The Little Rock Nine: Everything You Need to Know

This was the first group of black students allowed to gain admission into the Central High in Little Rock, Arkansas, after the Brown ruling. These students enrolled in the school despite the harsh criticism and many threats from the local white community. They were protected by the 101st Airborne Division, which had been assigned to them by President Eisenhower. This triggered a series of chaotic events, the news of which captured the attention of the country.

The Little Rock Nine became the center of the struggle to desegregate public schools in the U.S., particularly in the South. These students were recruited by Daisy Bates, president of the Arkansas branch of the NAACP (National Association for the Advancement of Colored People). Martin Luther King, who was then the president of the Montgomery Improvement Association, wrote to President Eisenhower requesting a speedy resolution to permit these students to attend school.

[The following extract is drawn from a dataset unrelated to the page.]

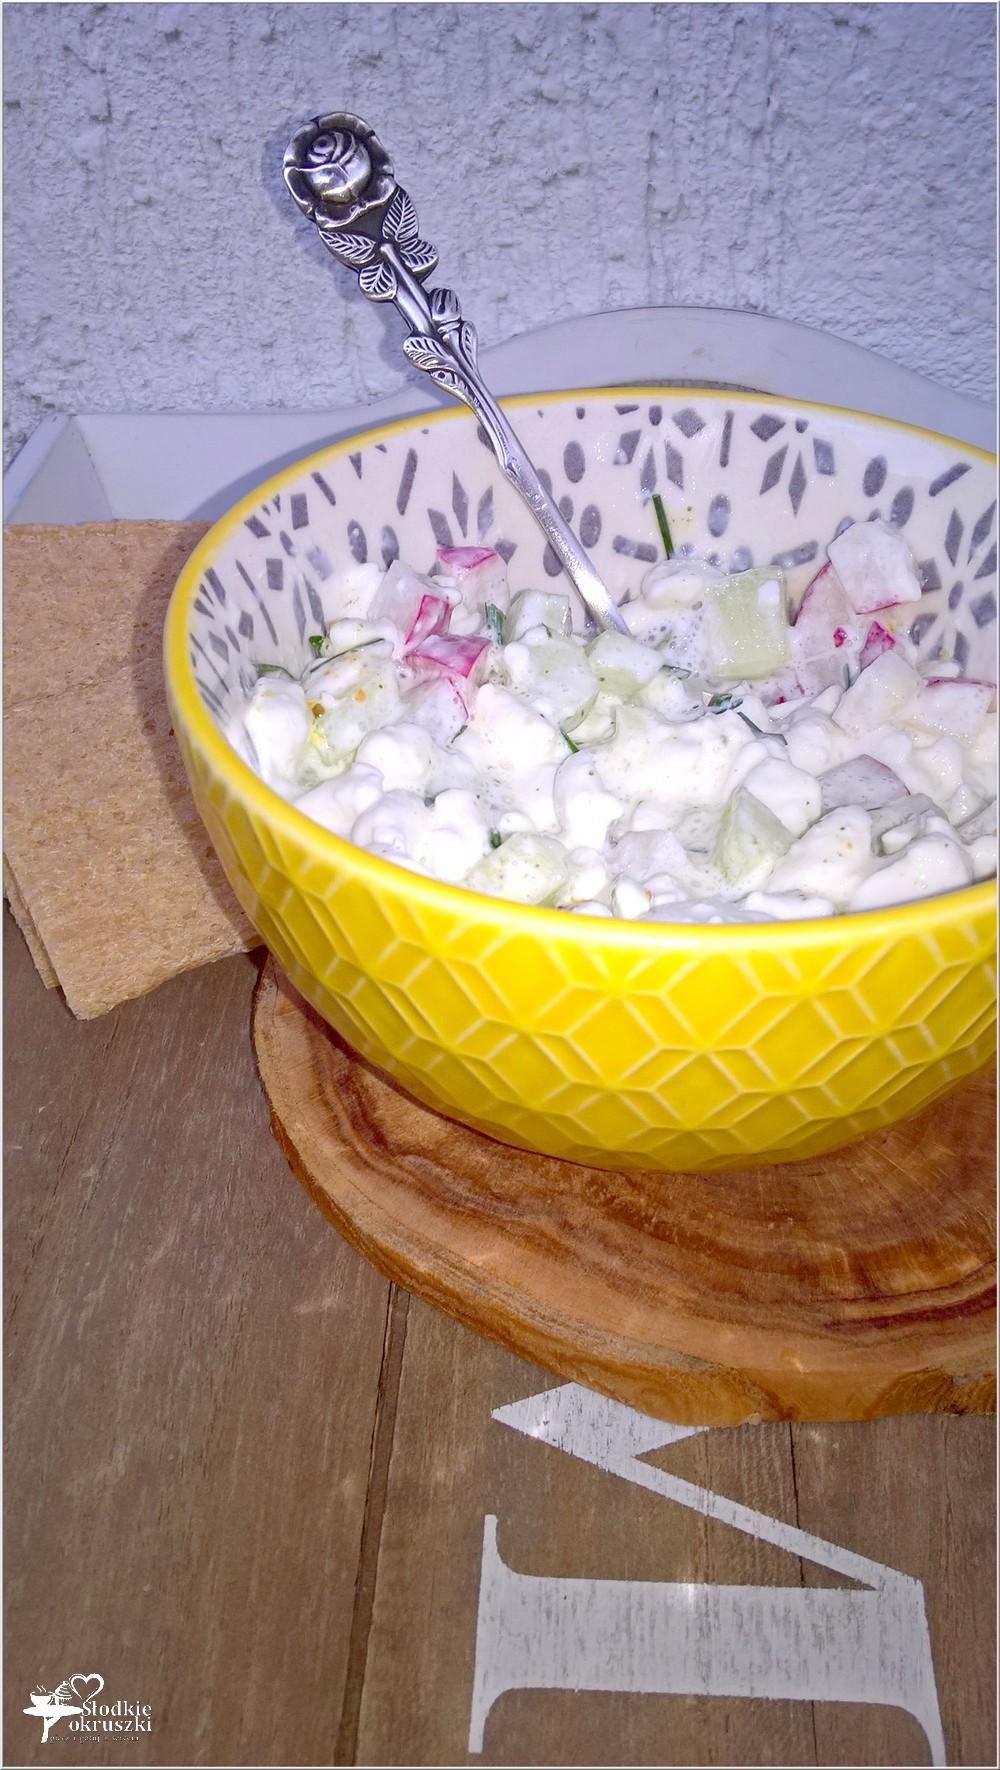 Lekkie śniadanie. Serek wiejski z ziołami, ogórkiem i rzodkiewką (1)

The initial years that the students spent at Central High were quite tumultuous. This was because the educational standards at white-only schools were much more demanding than what they were accustomed to, and they also faced constant bullying and abuse from their peers and teachers. On the first day of school (September 4, 1957), a white mob assembled in front of the school. In addition, the Arkansas National Guard was deployed by Governor Orval Faubus to prevent the black students from entering the school. To counter Faubus’ action, a team of NAACP lawyers won a federal district court injunction, which prevented the governor from blocking the students’ entry. On September 23, 1957, the students entered the school using a side entrance with the help of police escorts. However, fearing rising mob violence, they were sent home soon afterward. The Little Rock incident was becoming an international embarrassment, which Eisenhower realized. As a result, he reluctantly ordered troops from the 101st Airborne Division to protect the students. The Little Rock Nine was shielded by federal troops as well as the Arkansas National Guard for the rest of the school year.

Despite all these incidents, the courage of these students did not break. They continued to bear their oppression and faced their education with all diligence and perseverance. Ernest Green, one of the students, became the first African-American to graduate from Central High. He later worked as the Assistant Secretary of Housing and Urban Affairs under Jimmy Carter. In 1999, he was awarded the Congressional Medal of Honor.